Tavarus In your very active practice, you are the recipient of various fellowships and residencies. What has it been like navigating that activity during this time?

Natani Yeah. I guess like everything, it’s been somewhat challenging. There were some residencies I was planning to do in 2020 that were canceled and/or postponed, so I primarily worked from home. Then towards the end of 2020, I applied to a local residency in Oakland, with the support of This Will Take Time. And it was a one month or five week residency, where I had access to a studio space that was part of the MacArthur Building in Oakland, and an old shipping container that had been converted into a studio space. What was really nice about that was that I was the only one using this space at the time, so I could safely go there and work on my art and feel like I was having this studio practice that I was missing very much.

So yeah, residency-wise, I haven’t been able to travel, so some of these residences that might be out of state or are a bit harder to get to were the ones that were postponed. I’m staying local. I am doing a fellowship at Kala and that’s been nice as well. It’s located in Berkeley. You’re also doing the fellowship. So for me, it’s been really nice to also have that access to really state of the art facilities and the support from them. We do these checkins online, and then they have a lot of amazing programming as well. Definitely keeping my foot in the residencies and fellowships but also trying to stay local and be safe.

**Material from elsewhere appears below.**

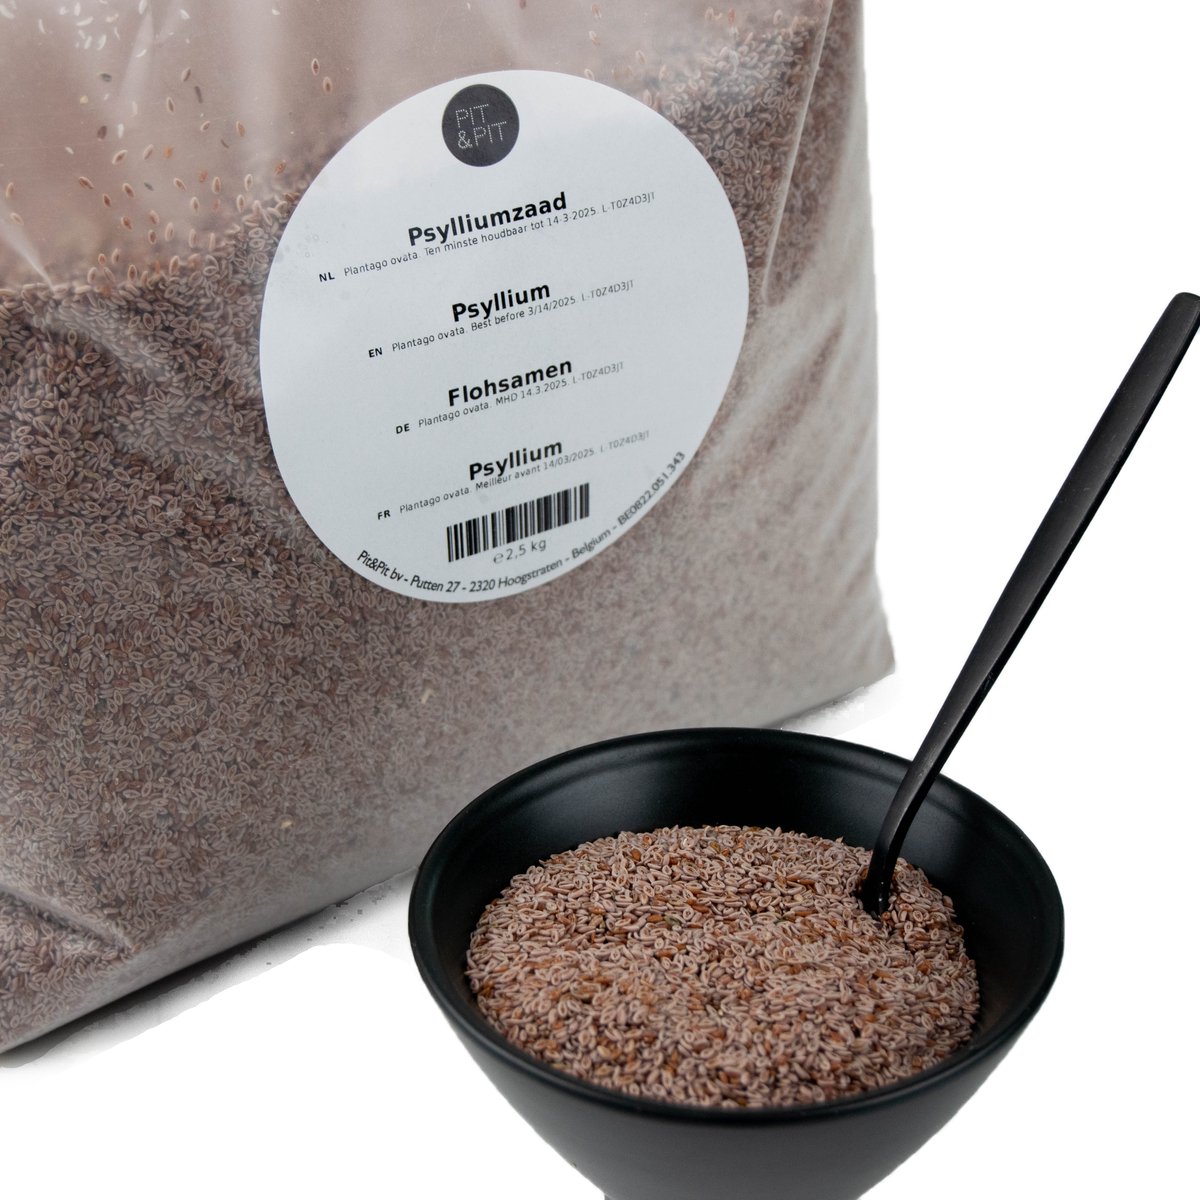 Pit&Pit - Psylliumzaad 2.5kg - Rijk aan vezels - Voor glutenvrij bakken - Pit&Pit

Tavarus Your practice is very interdisciplinary. You work in various visual languages and mediums. One of that being beadwork. I’m curious, did you make your earrings?

Natani I did not, but these were a graduation gift from my brothers when I graduated with my MFA. Actually, they gifted me these earrings as well as a matching necklace that I’m not wearing at the moment. But yeah, I can bead similarly. I work with seed beads. There are different sizes of seed beads. I tend to work with 12 or 15. And I’ve been beading ever since I was little. I learned from my sister and grew up kind of making things around the kitchen table. That’s how I always connected to it. It first started out as just this way to be all together and doing something productive and creative and expressive. And I was not thinking about it in this art capacity. But now I am definitely engaged in those conversations and invested in it. And yeah, beadwork, I love it. I love everything about it.